Следует отметить, что диагностика ДАН в некоторых случаях затруднена в связи с многоликостью клинической картины, поскольку при распознании одного или двух симптомов вдействительостиможет быть нарушена работа ряда других органов и систем. В целом на сегодняшний день не существует универсальных методов диагностики дисфункции вегетативной нервной системы. Одним из удобных инструментов для скрининга симптомов ДАН у пациента может быть шкала SAS (Survey of Autonomic Symptom) (Kim, 2014).

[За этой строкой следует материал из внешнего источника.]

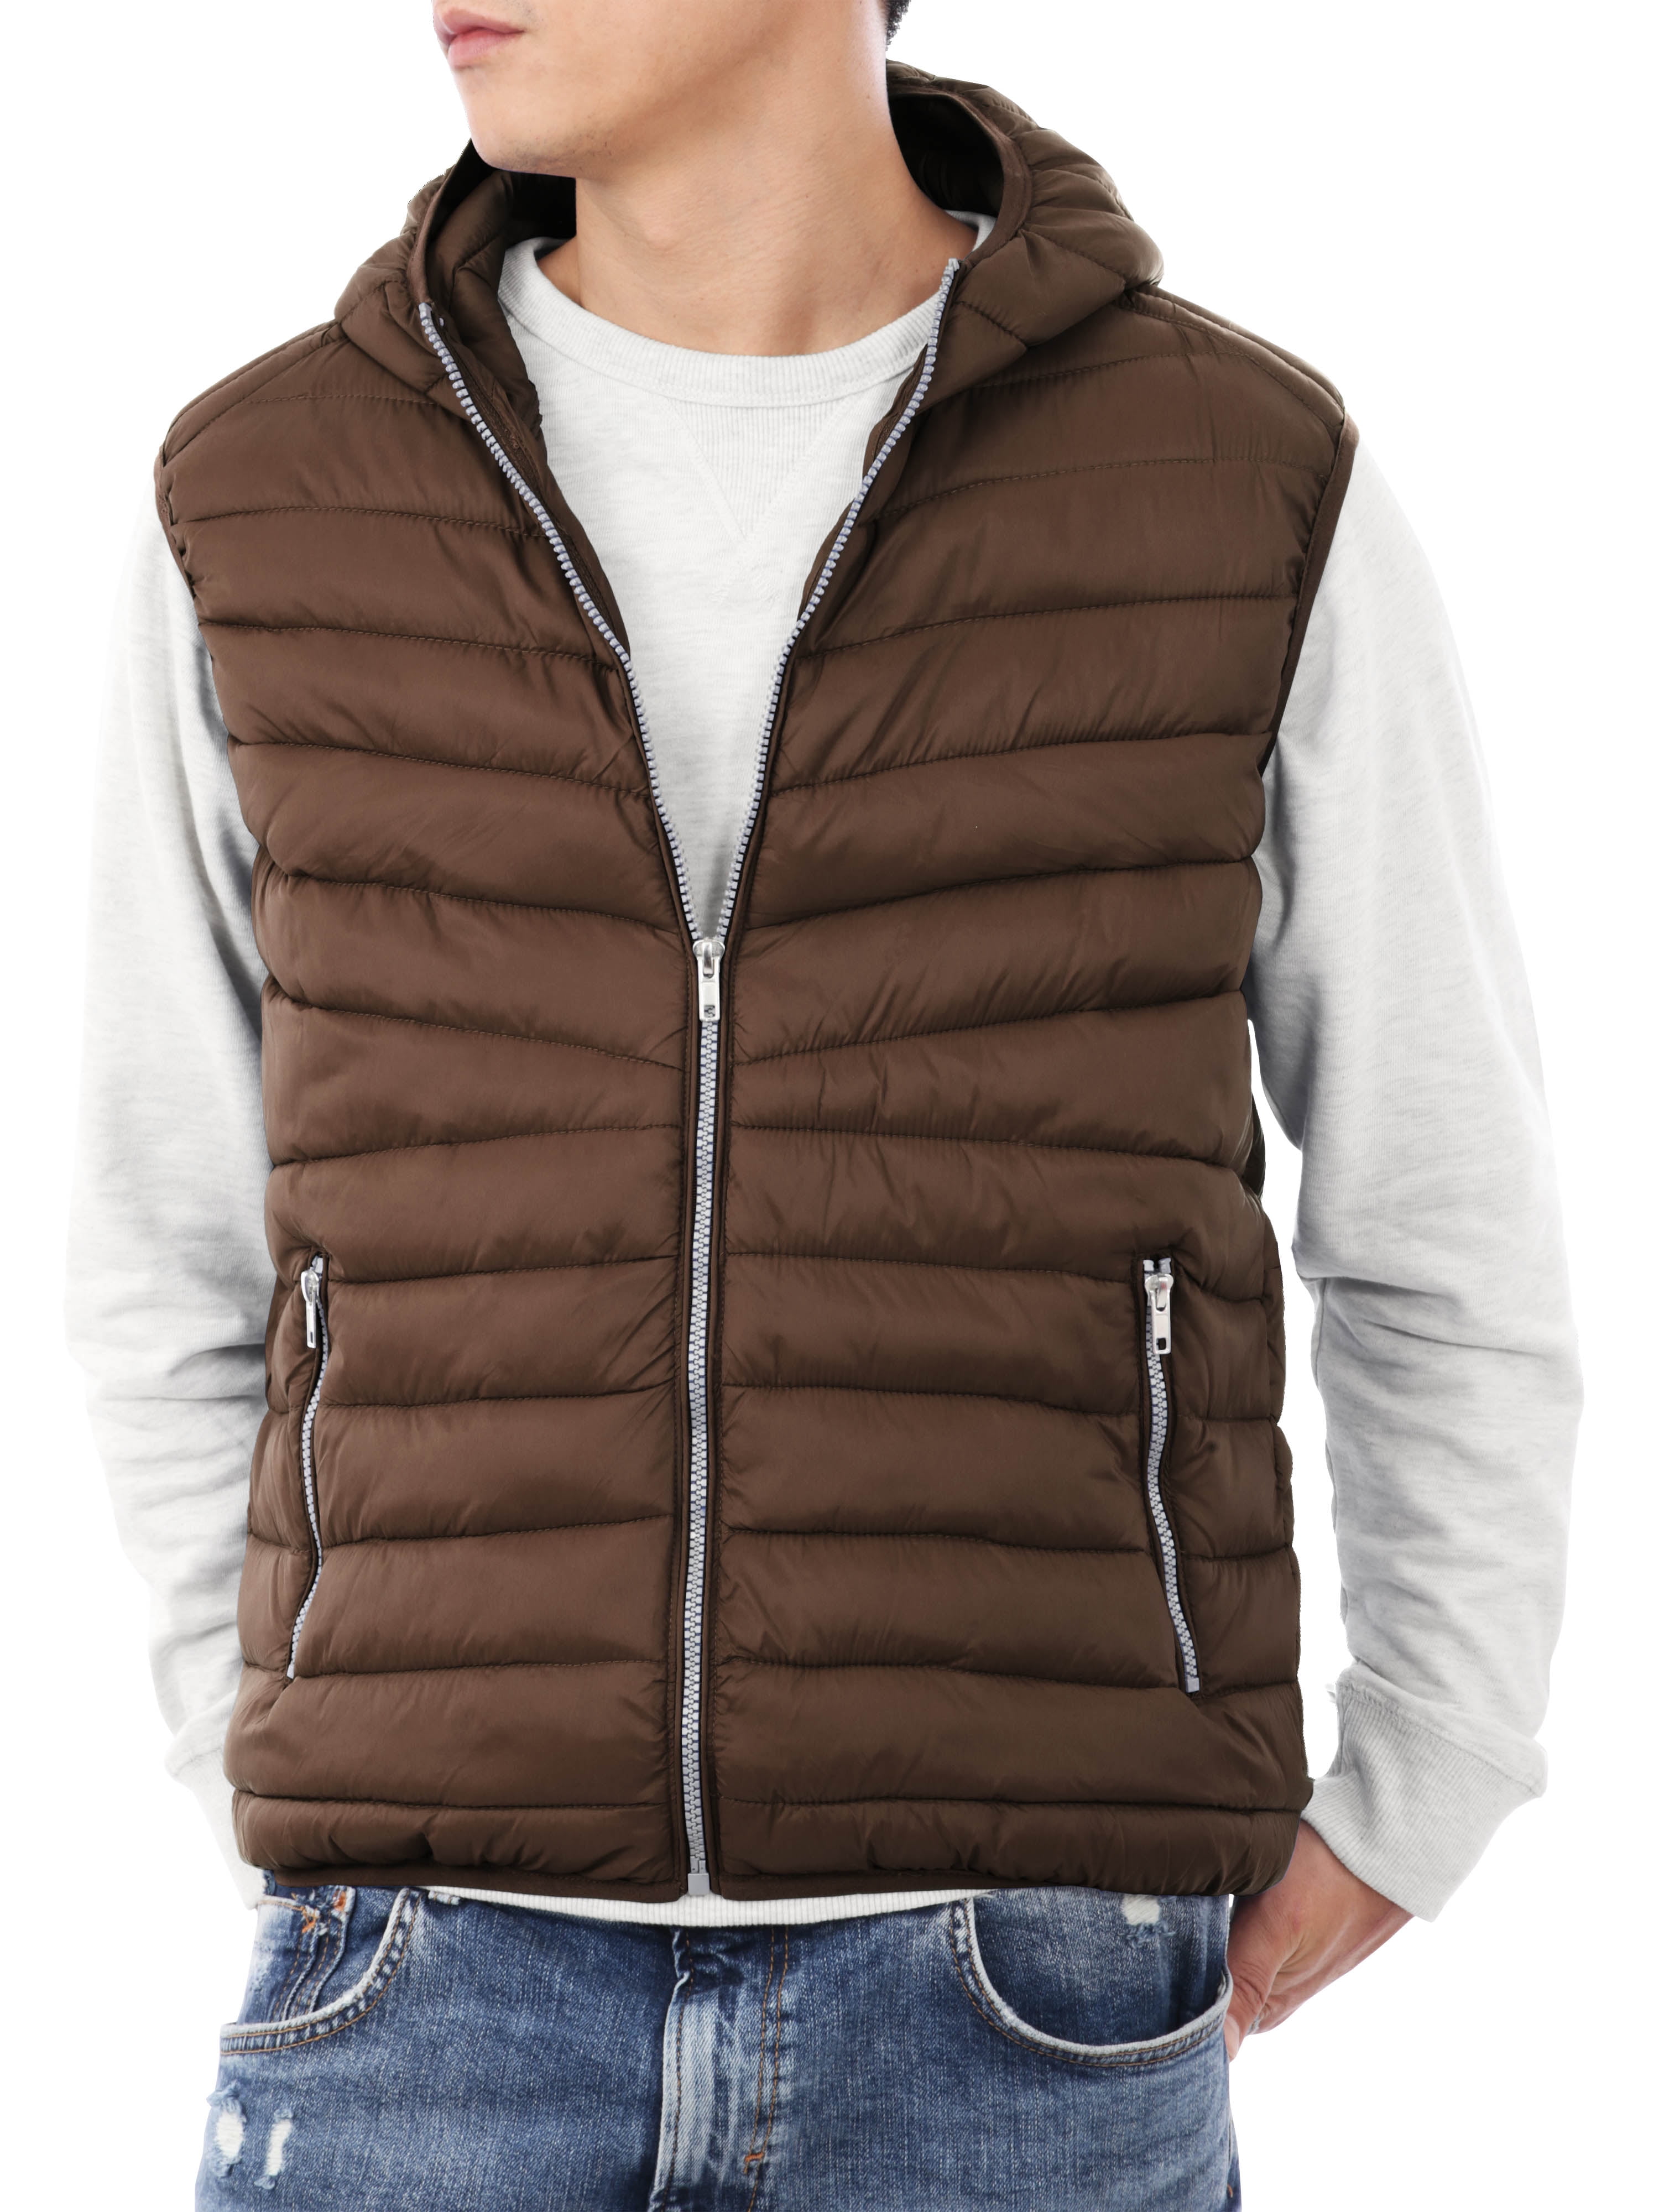 Mens quilted vest

Кардиоваскулярная автономная нейропатия (КВН) является наиболее глубоко изученной и клинически важной формой ДАН, значение и серьезность последствий которой, тем не менее, часто недооцениваются. КВН — это результат повреждения вегетативных нервных волокон, которые иннервируют сердце и кровеносные сосуды, регулируя сердечный ритм, сердечный выброс, сократительную способность миокарда, электро- физиологические свойства, процессы вазоконстрикции и вазодилатации (Bissinger, 2017; Fisher, 2017; Vinik, 2013).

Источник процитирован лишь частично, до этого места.